What the exercise asks: Take the lines from the one containing "Concealed Semi Square" through the end of the material and write them out exactly, omitting pictures.

Data section:
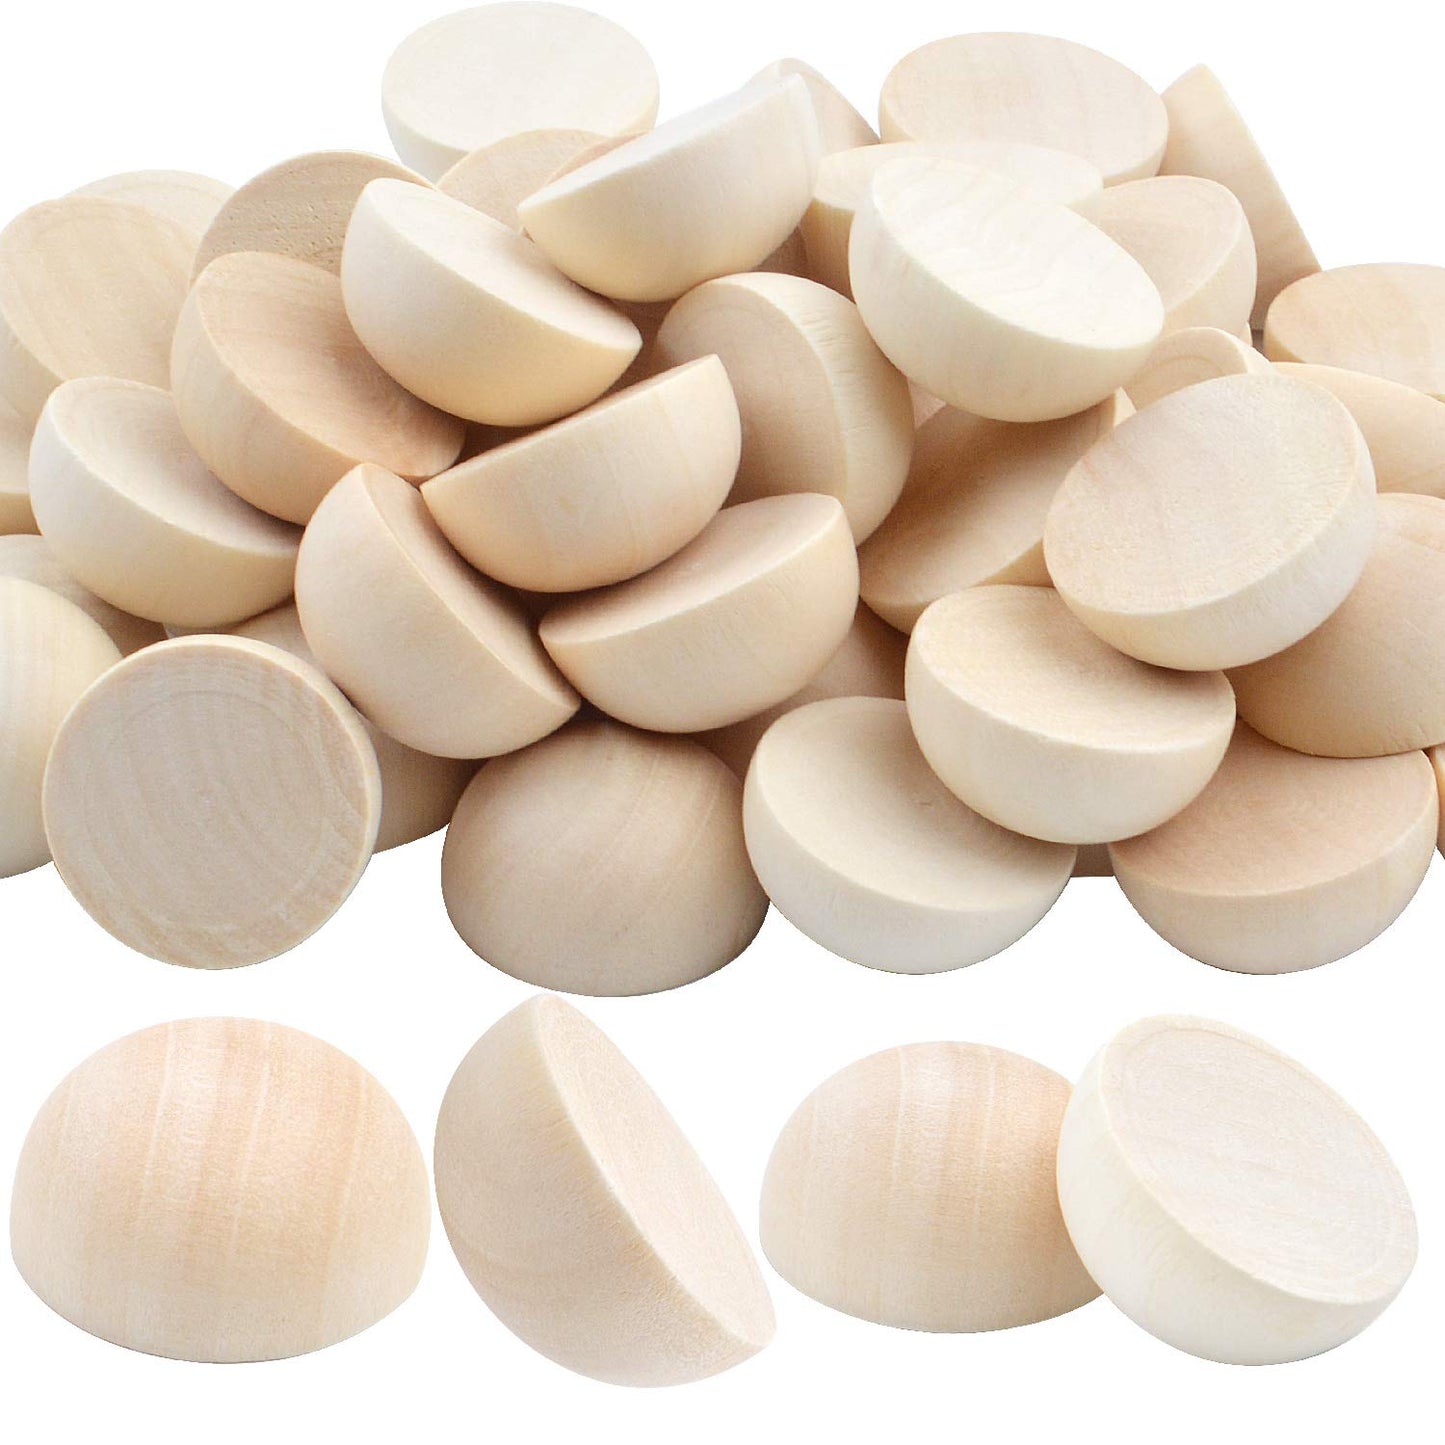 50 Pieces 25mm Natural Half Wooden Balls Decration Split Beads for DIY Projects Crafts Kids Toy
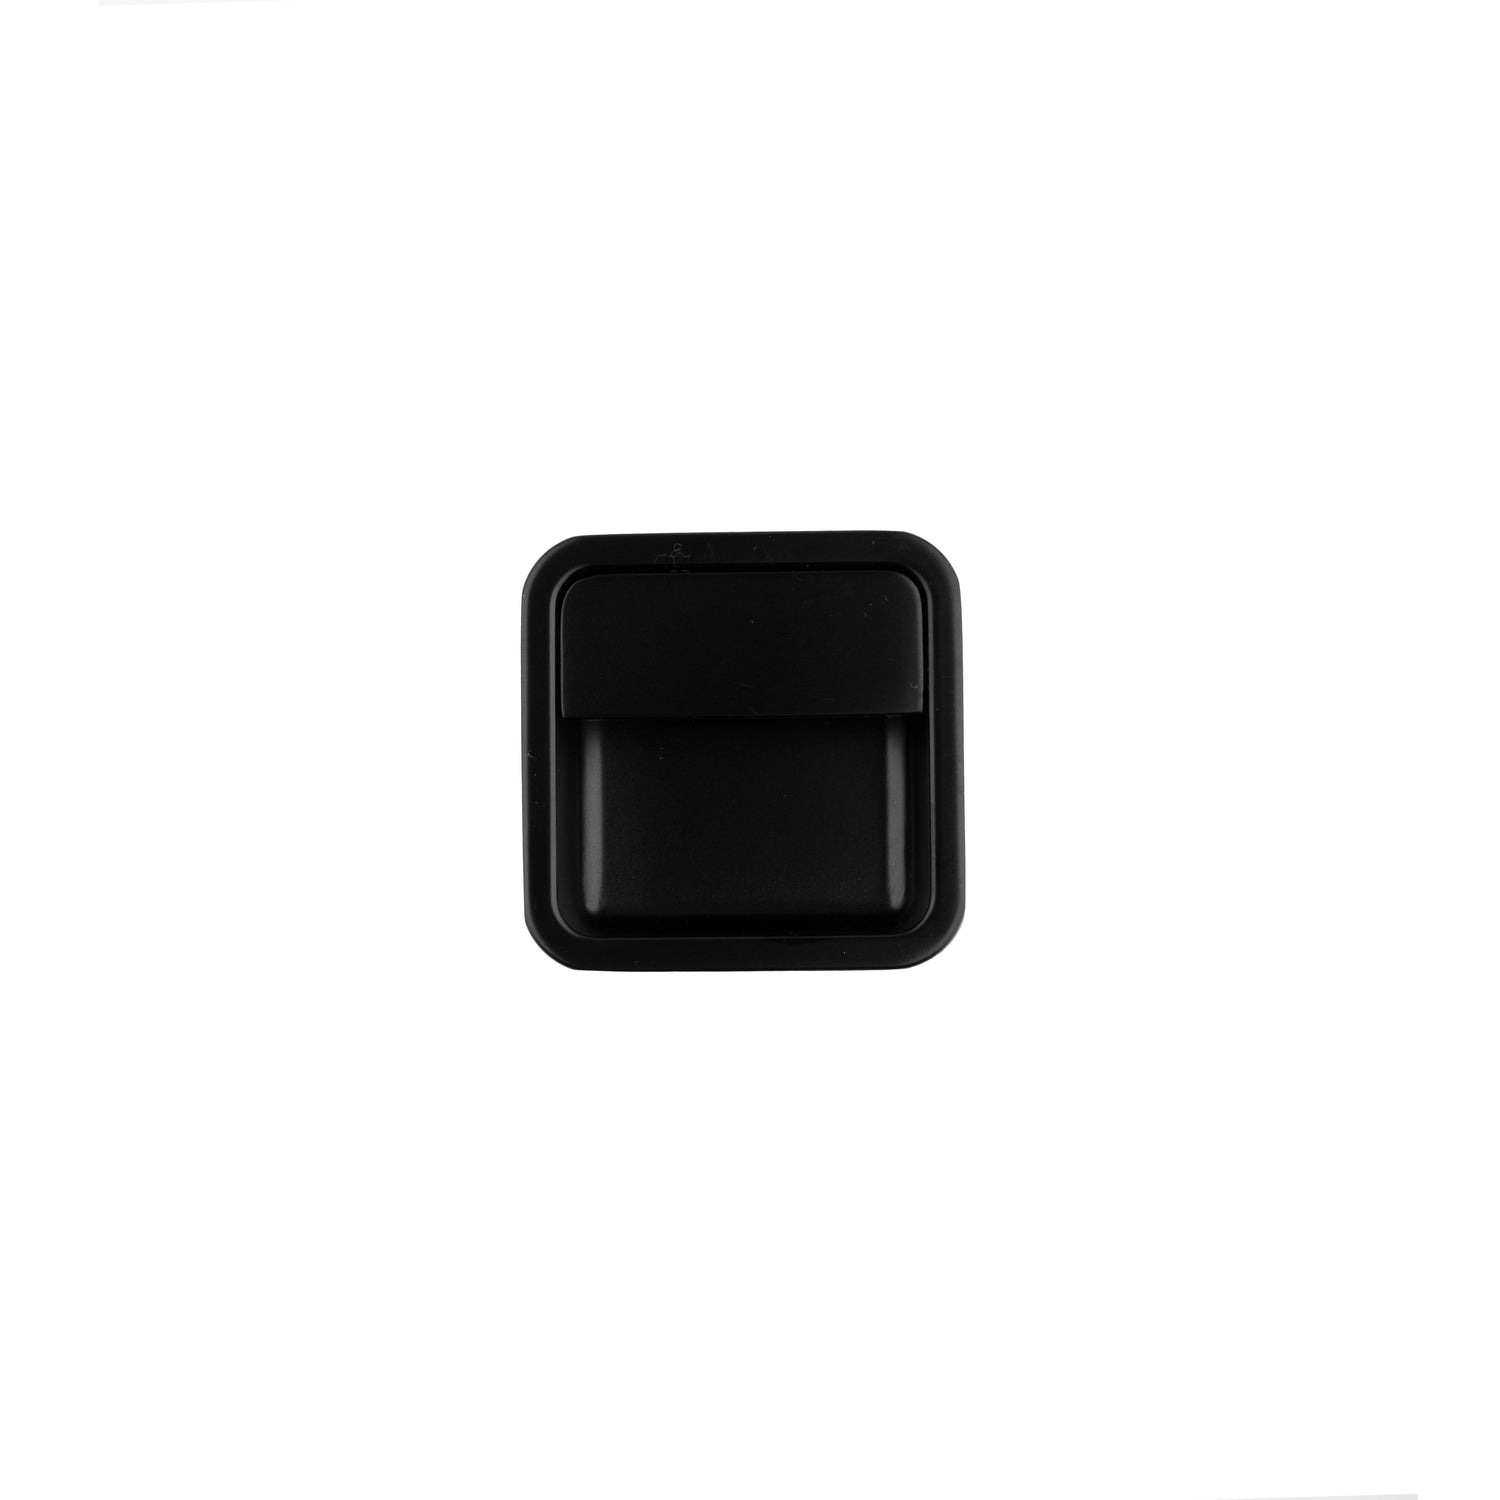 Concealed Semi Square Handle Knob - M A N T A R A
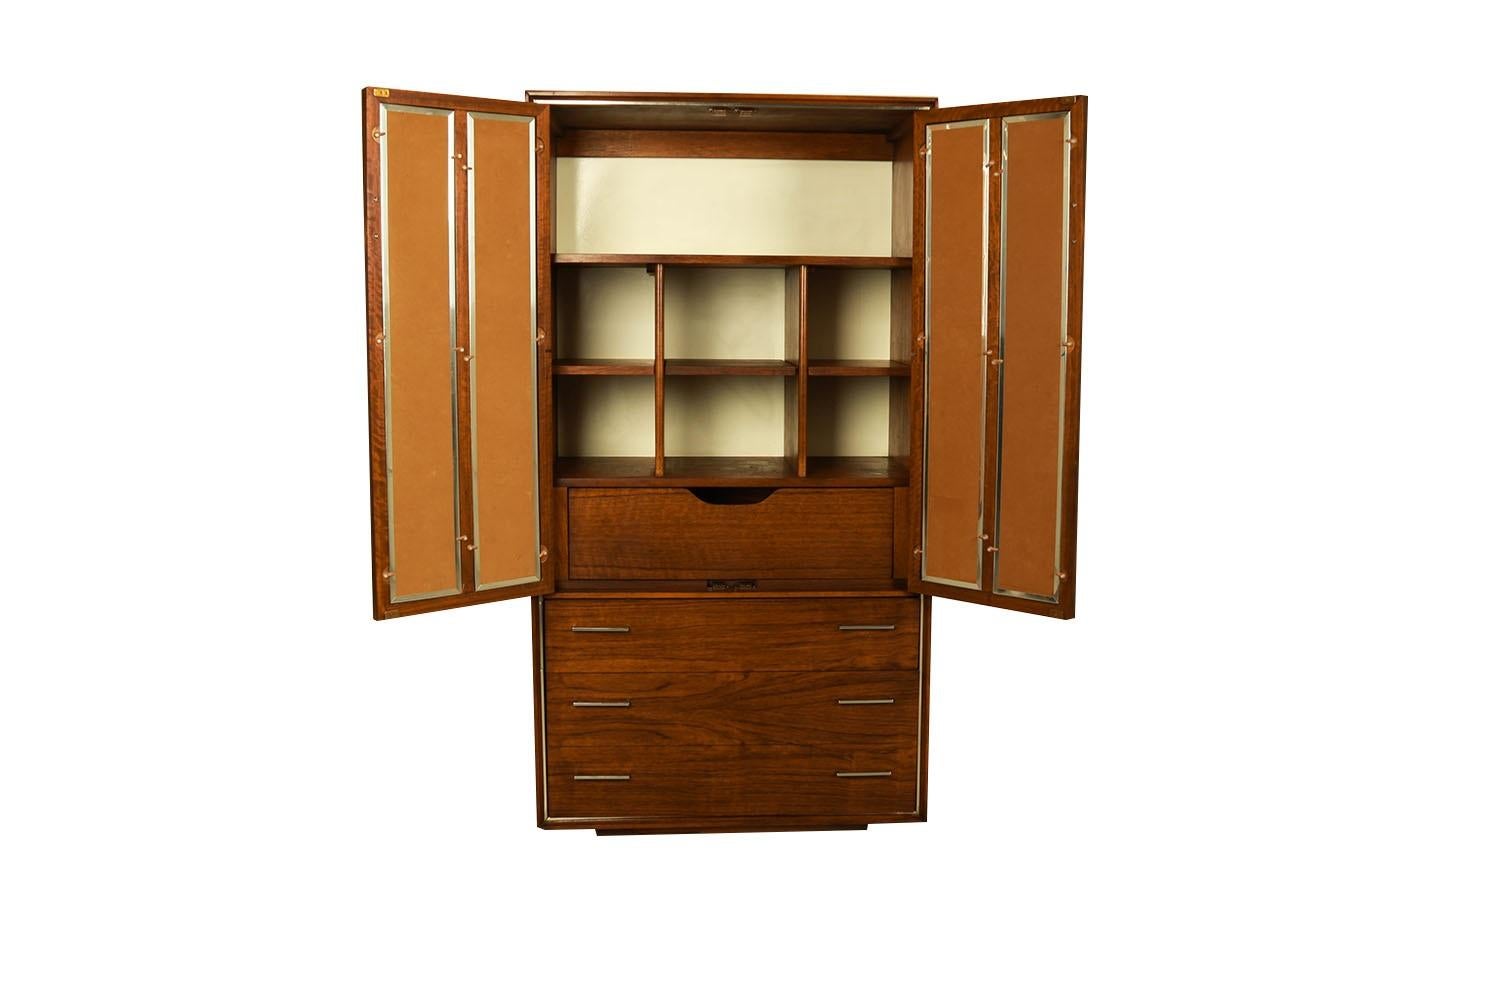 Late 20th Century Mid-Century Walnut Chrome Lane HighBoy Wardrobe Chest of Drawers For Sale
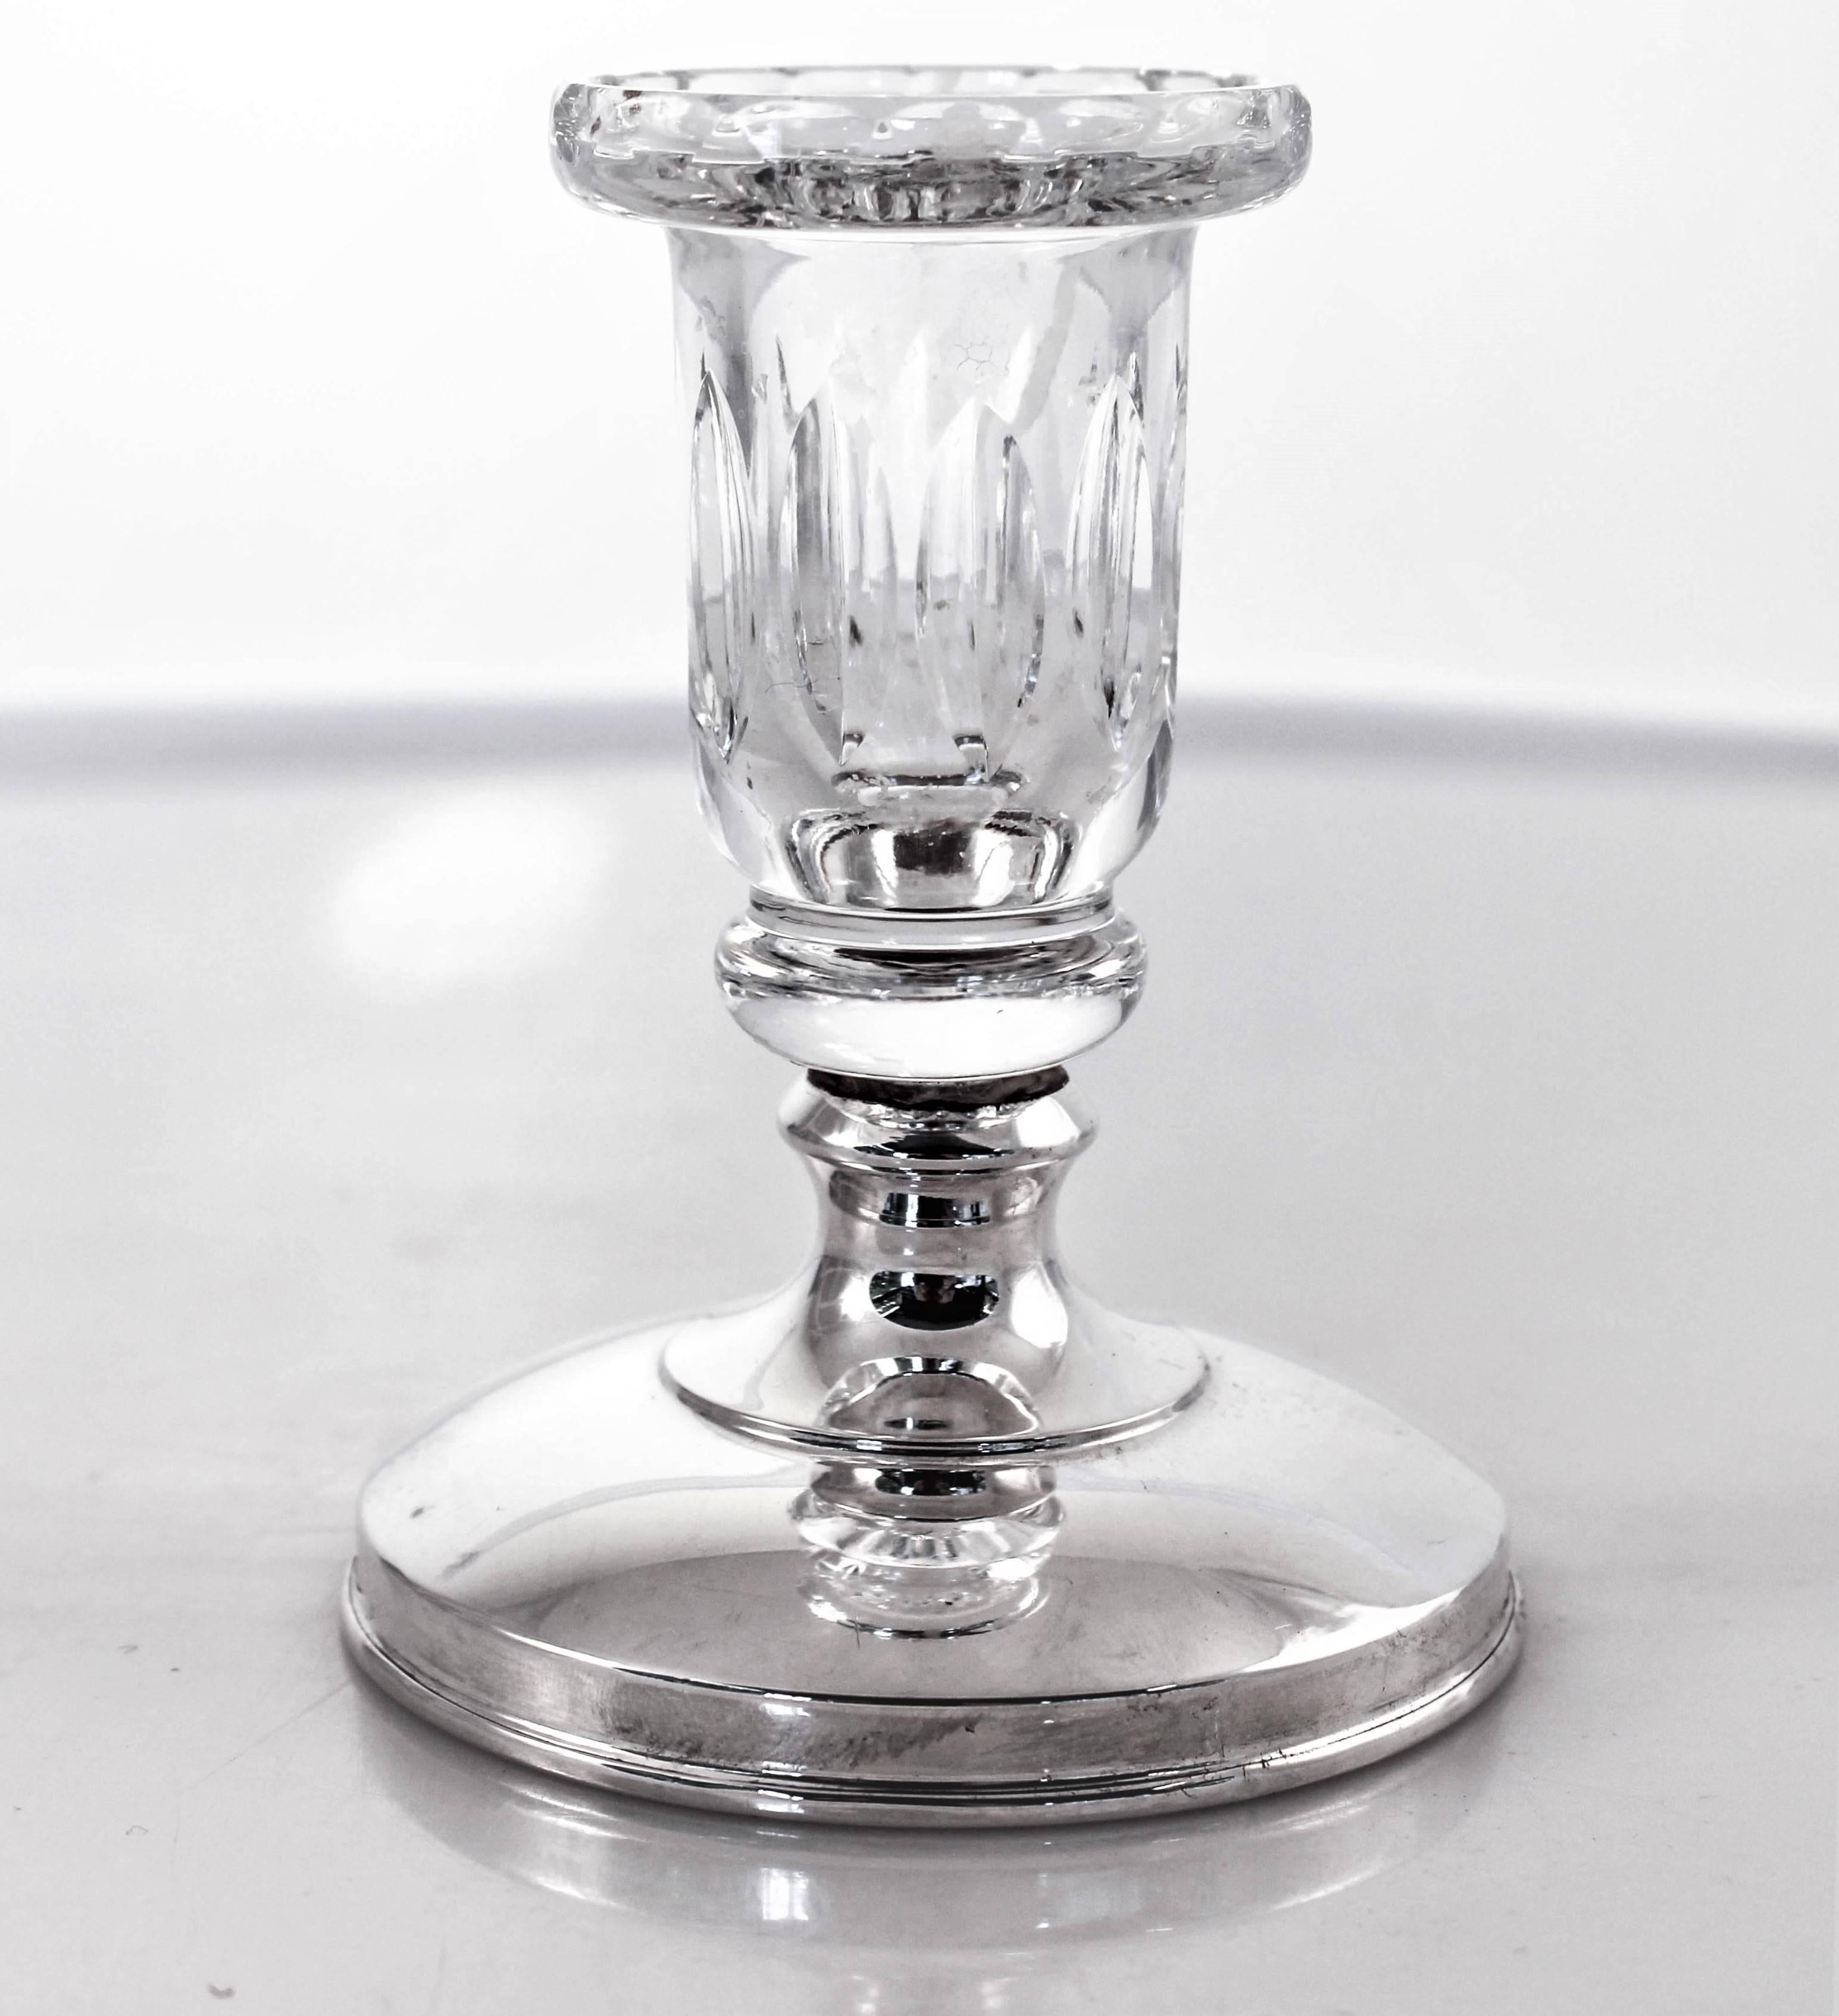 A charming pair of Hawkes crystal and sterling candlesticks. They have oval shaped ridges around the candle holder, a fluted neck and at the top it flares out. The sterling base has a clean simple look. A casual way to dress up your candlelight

Written answer:
 Concealed Semi Square Handle Knob - M A N T A R A
 Late 20th Century Mid-Century Walnut Chrome Lane HighBoy Wardrobe Chest of Drawers For Sale
 A charming pair of Hawkes crystal and sterling candlesticks. They have oval shaped ridges around the candle holder, a fluted neck and at the top it flares out. The sterling base has a clean simple look. A casual way to dress up your candlelight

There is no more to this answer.